Six Iranian twentysomethings were arrested for dancing to Pharrell Williams’ “Happy” this week. Specifically, they were arrested after a video of the scandalous act was posted to YouTube. According to social media, the dancers have since been released, though the video’s director remains behind bars. The dancers have also since said they didn’t know the video would be posted to the Internet, saying they were invited to make the video “to practice acting” and as “an excuse to be happy.” Pharrell Williams has been campaigning for the detainees on Twitter, saying they should “be allowed to express themselves at least with happiness” and that “social media is best used to expand us all.”

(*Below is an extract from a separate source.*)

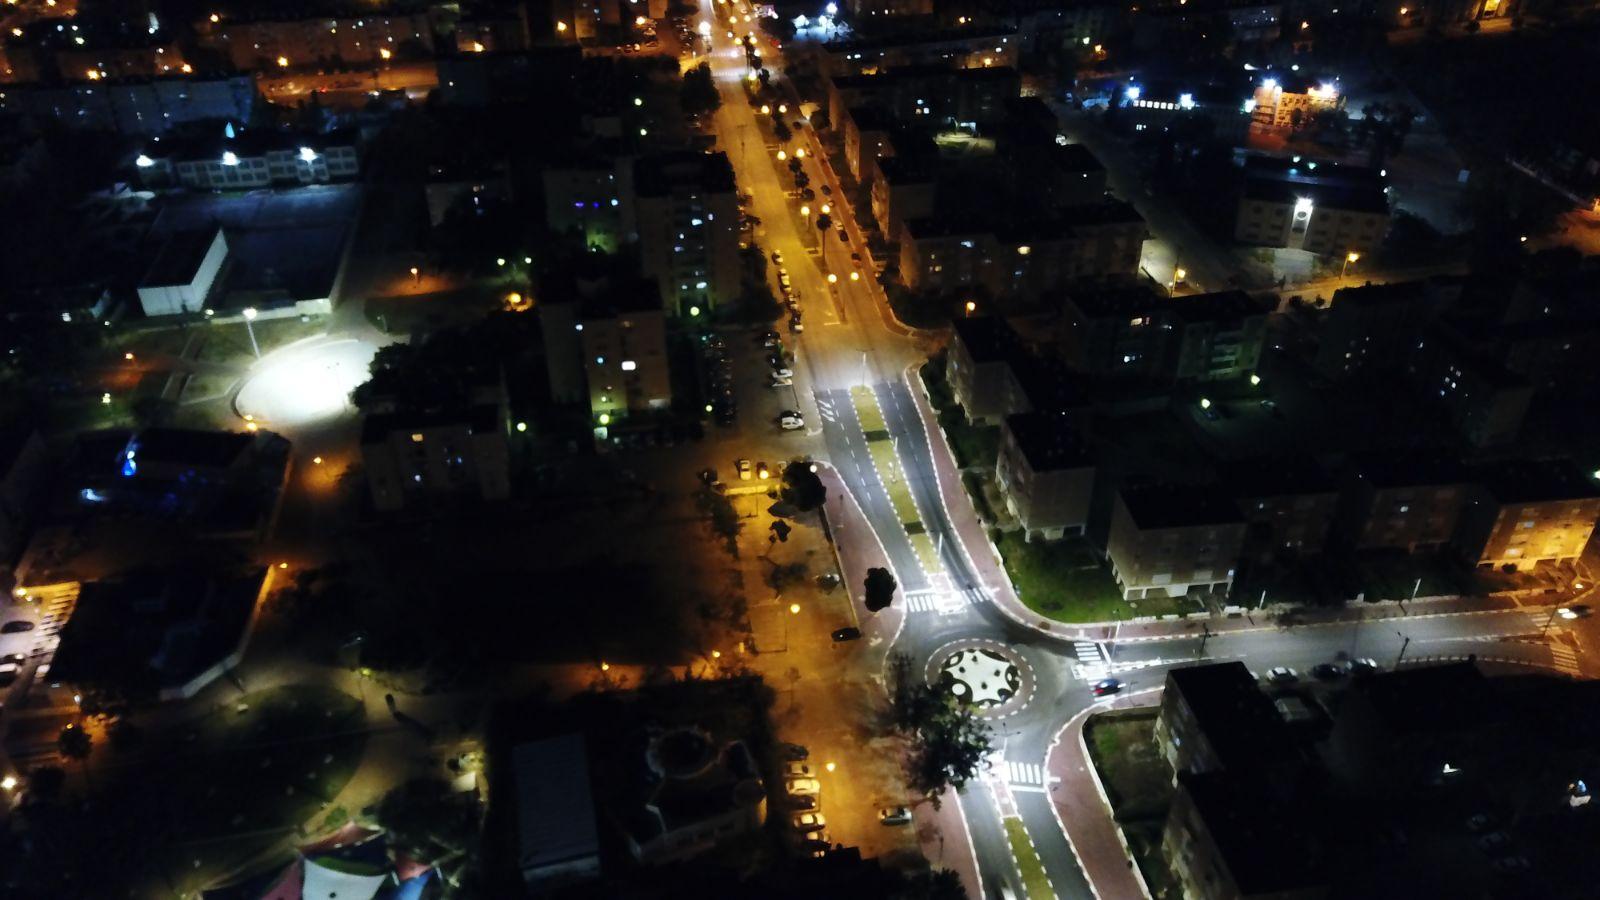 שיפורי תאורה בכיכרות אשקלון 2017

A number of Westerners are currently using the video as an example to call out Iran for going too far in its effort to halt Western behavior,—something that should come as no surprise to anyone familiar with the struggles between hard-line Islamists and those trying to bring a sense of moderation to the country. Last year, now-President Hassan Rouhani succeeded Mahmoud Ahmadinejad in part because of his belief in greater cultural and social freedoms for Iran. He’s also said he’s for a loosening of restrictions on Iran’s Internet, where sites like YouTube and Facebook are blocked (though young people often use proxy servers to access them anyway).  A tweet posted by either Rouhani or his staff earlier this week—reading “#Happiness is our people’s right. We shouldn’t be too hard on behaviors caused by joy”—seemed to suggest he believed authorities had gone too far.